Quick digression, verbally speaking this would be “row proportions” since in the example above these groups are displayed as rows, but it doesn’t matter since we are testing the proportions. If we wanted to make it “column proportions” we could just switch how the data is displayed. Either way, we’re still comparing proportions and that is what matters.

Now for the test!

## Code example ##

Referencing the pseudo code above

group1_success = number of those with a current mental health disorder & would tell all employers (24)

group2_success = number of those with a current mental health disorder & would not tell any employers (194)

group1_N = total number of those with a current mental health disorder & would tell all employers (24 + 51 = 75)

group2_N = total number of those with a current mental health disorder & would not tell any employers (194 + 119 = 313)

count = np.array([24, 194])

nobs = np.array([75, 313])

proportions_ztest(counts, nobs)

Results: (-4.7001272637134131, 2.5999940974104787e-06)

# If you want to pretty up the output a bit #

z,p = proportions_ztest(count, nobs)

print(f”z-statistic: {z:.3f}, p-value: {p: .3f}”)

Results: (z-statistic: -4.700, p-value: 0.000)

## End code example ##

Please note that it matters where you plug the numbers in for “count” and “nobs”. They need to be entered so they align vertically.

There is a significant difference in the proportion between those with a mental health disorder that would tell all of their employers and those that would tell none of their employers. One would have to do this for each post-hoc comparison test that is planned and don’t forget to adjust the p-value for the multiple comparisons!

Best,

Corey from Python for data science.

p.s. I’m definitely going to be making a page on z-test in the future. Thanks for the idea!

I am getting module not found when using import researchpy as rp.

I am using Anaconda distribution and jupyter note book. Could you please tell me how to solve the issue. Even in the internet i did not find anything about researchpy module

Hey Raj,

It sounds like you don’t have the package installed. Assuming you have windows, click your window button (I think it’s called) in the bottom left corner of your screen, find the Anaconda folder and click it, then select “Anaconda Prompt”. Once that launches, type “pip install researchpy”.

This will download the package and you will be able to use it.

I am also using Anaconda (though I’m using the Spyder interface with Python 3.6) and I tried downloading researchpy from the Anaconda prompt. I typed in ‘pip install researchpy’ in the Anaconda prompt and I get the following error message: “Could not find a version that satisfies the requirement researchpy (from versions: ) No matching distribution found for researchpy”. Do you have any suggestions on how to reconcile this?

Hey there,

Is your Anaconda environment updated? Try this in the Anaconda prompt first:

conda update conda

conda update conda-build

Then try using the ‘pip install researchpy’ afterwards

I tried updating my Anaconda environment as suggested (it updated), but I get the same error when trying to install ‘researchpy’. No worries though. I’m mostly interested in the percentages in the cross table, but I think I can find a workaround.

Thanks for an excellent post. This was very well done, easy to follow, well explained, and overall top quality.
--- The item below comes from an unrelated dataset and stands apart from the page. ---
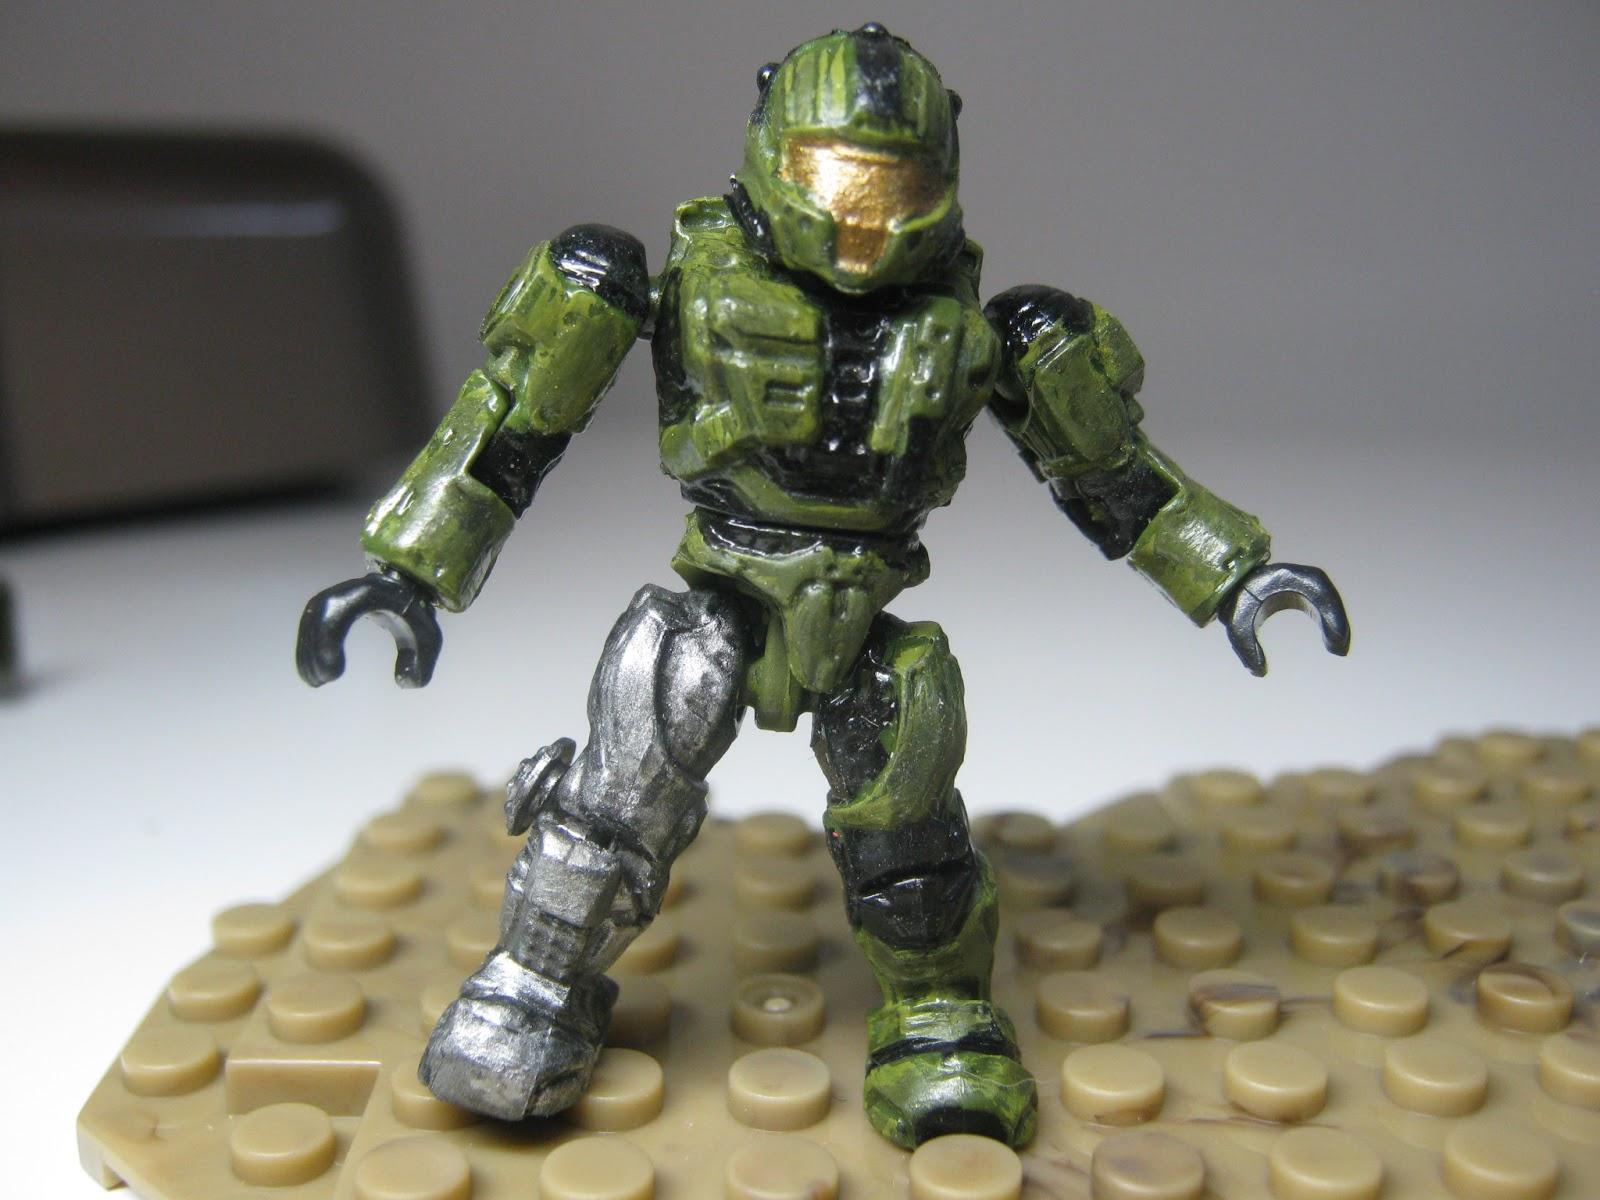 Images of Custom Halo Mega Bloks Figures - #rock-cafe

Thanks, I’ll build a Anaconda distribution soon- it’s been on the list. I’ll update here when it’s good to go.

– Corey

Hey there, a conda distribution has been built and is now available through traditional conda installation. Run the following code from the Anaconda prompt:

conda install -c researchpy researchpy

It’s been tested and works – please let me know if you have any issues.

Thanks and best regards,

Corey

Python for Data Science

Thanks, Corey! I followed your guidance and got it working just great with Spyder in the Anaconda environment.